Supplied material |
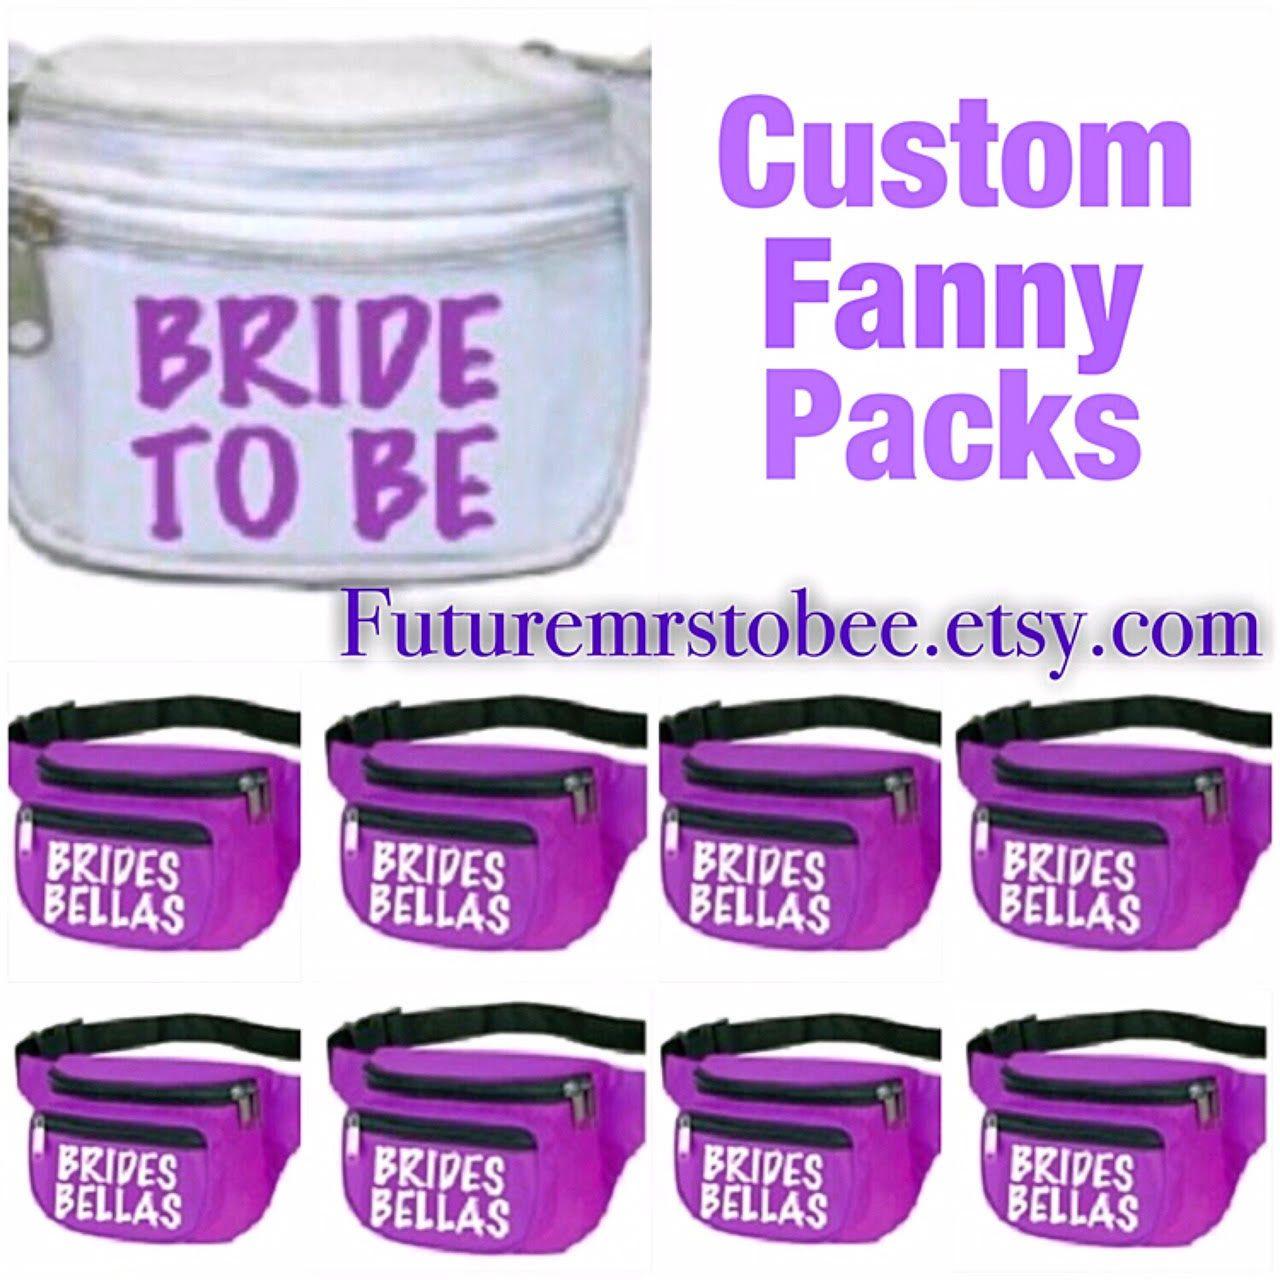 9d1e16b82844 Bride to be Fanny Pack,Brides Bellas, Fanny Packs, Bachelorette ...
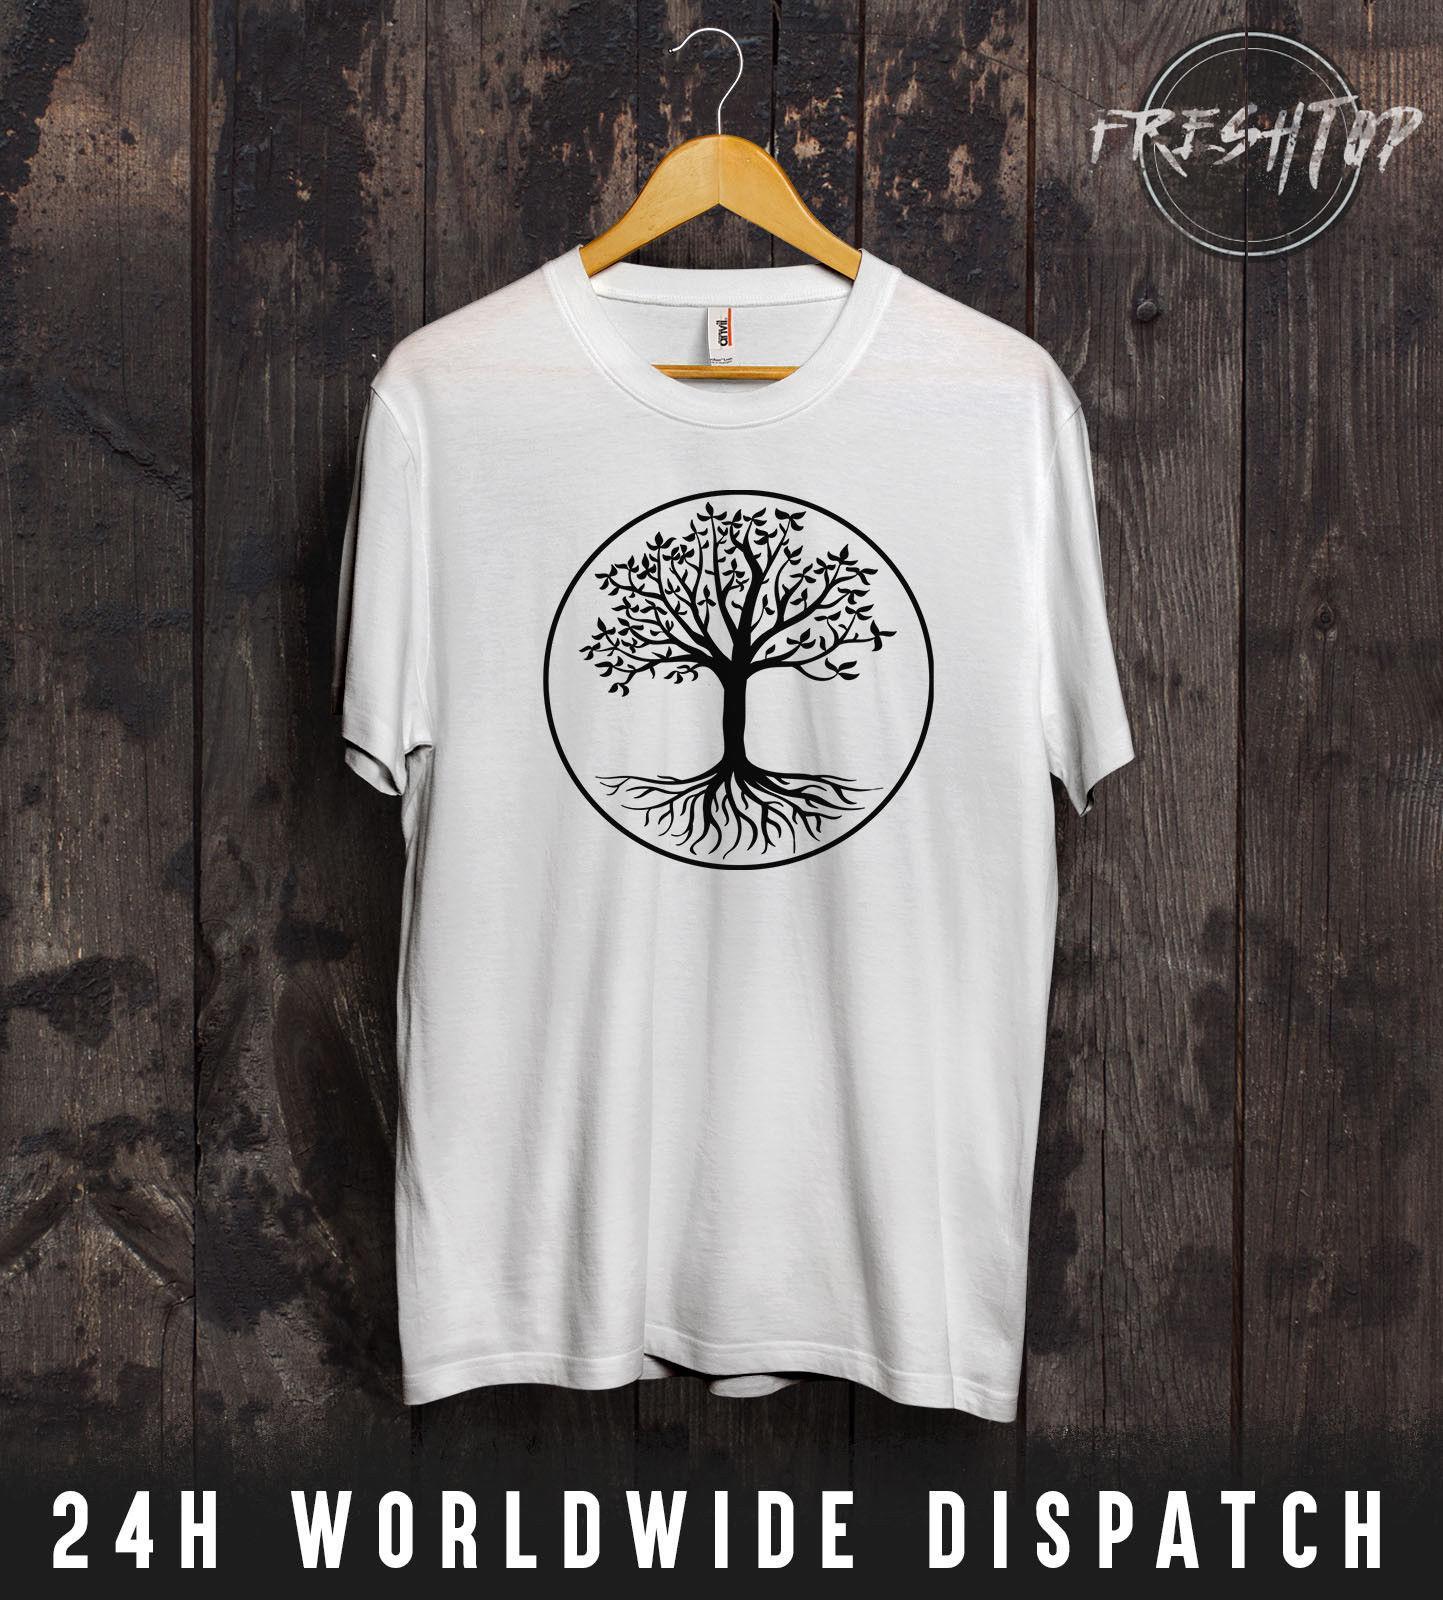 Compre Camiseta Árbol De La Vida Madre Tierra Verde Druida Viva Wicca Pagan  Jardinero Celta Encantadora Camiseta De Verano Tops 100% Algodón Fresco  Camiseta ... 6253a63559ce7
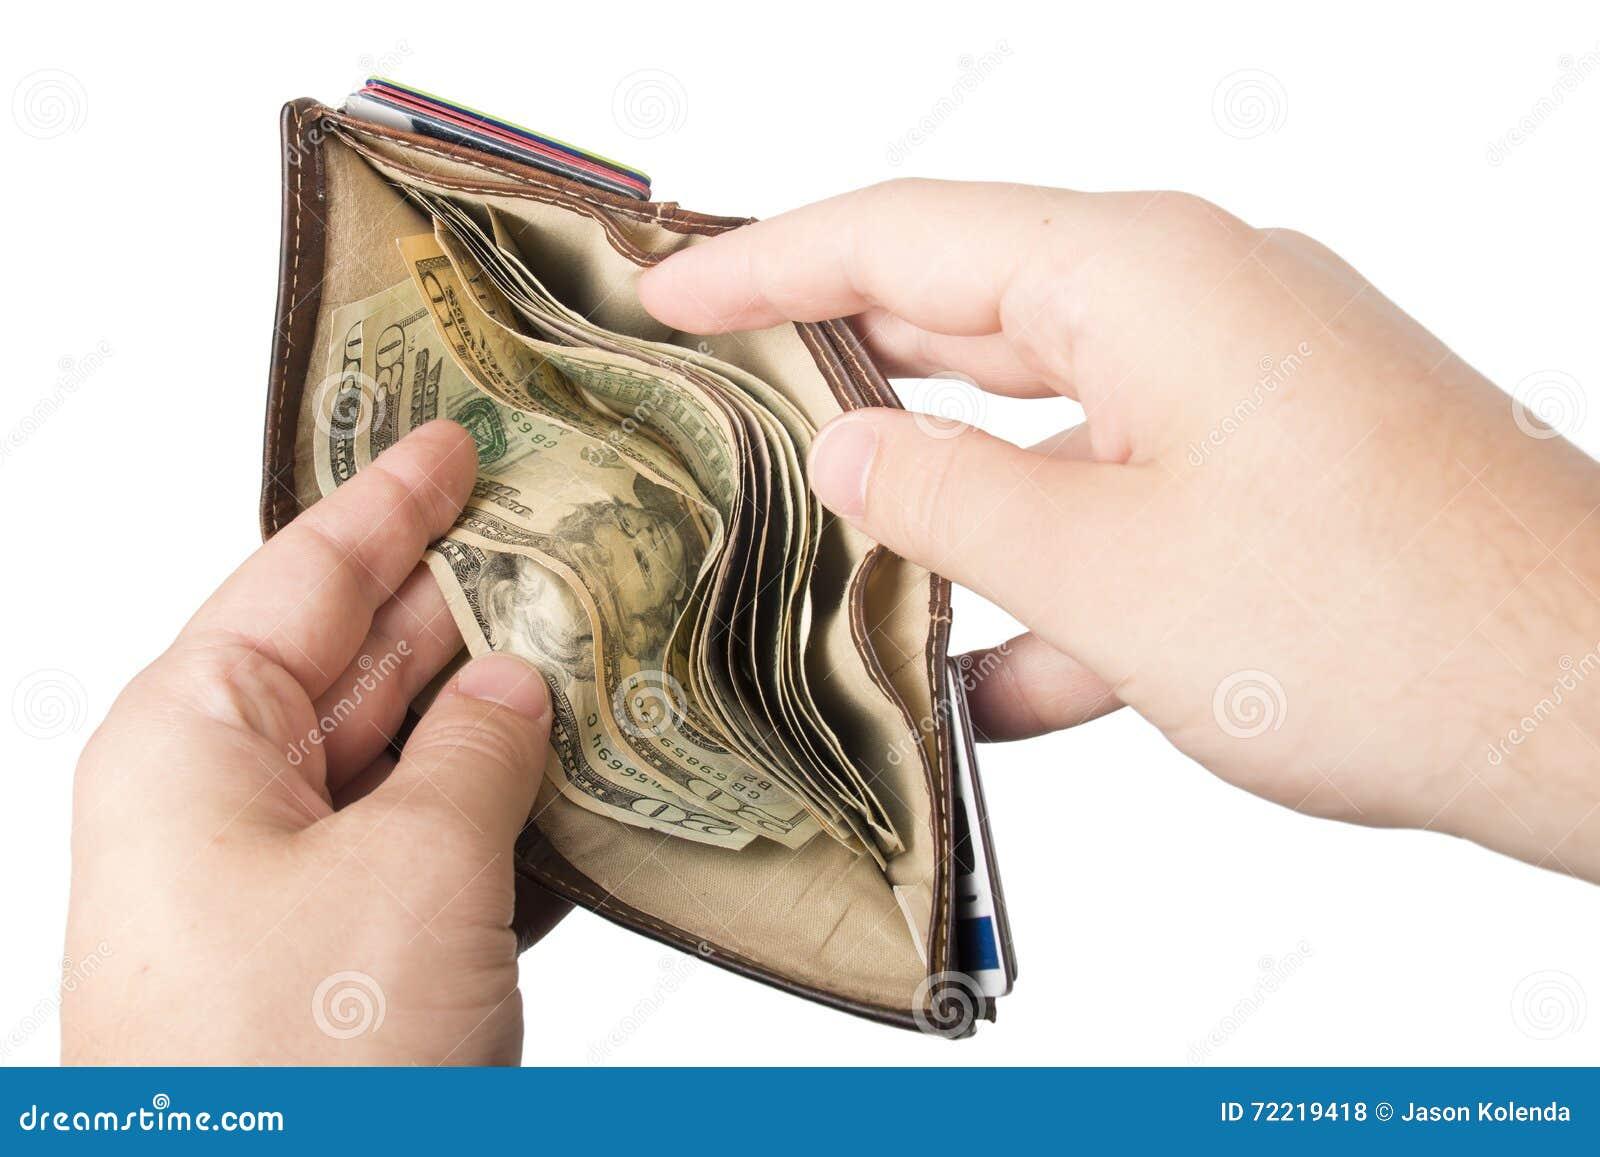 Portefeuille gehouden met contant geld open
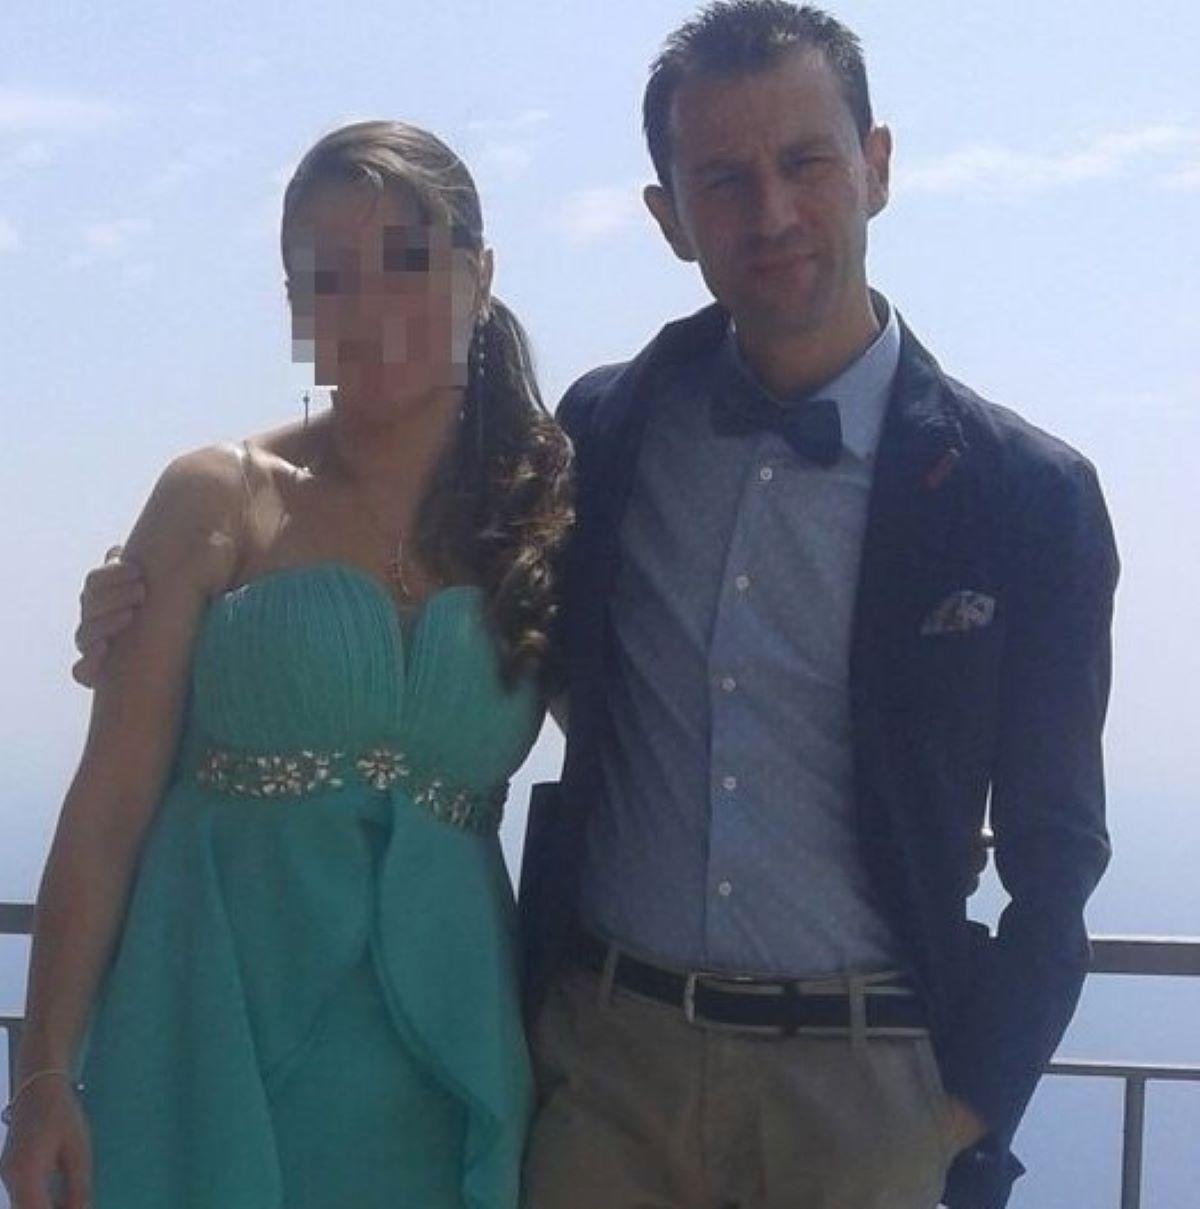 Andrea Acciarino Morto Incidente sul Lavoro Travolto Tir Agerola

What needs to be done | Transcribe the whole listing, character for character, but not its images.

Written solution |
 9d1e16b82844 Bride to be Fanny Pack,Brides Bellas, Fanny Packs, Bachelorette ...
 Compre Camiseta Árbol De La Vida Madre Tierra Verde Druida Viva Wicca Pagan  Jardinero Celta Encantadora Camiseta De Verano Tops 100% Algodón Fresco  Camiseta ... 6253a63559ce7
 Portefeuille gehouden met contant geld open
 Andrea Acciarino Morto Incidente sul Lavoro Travolto Tir Agerola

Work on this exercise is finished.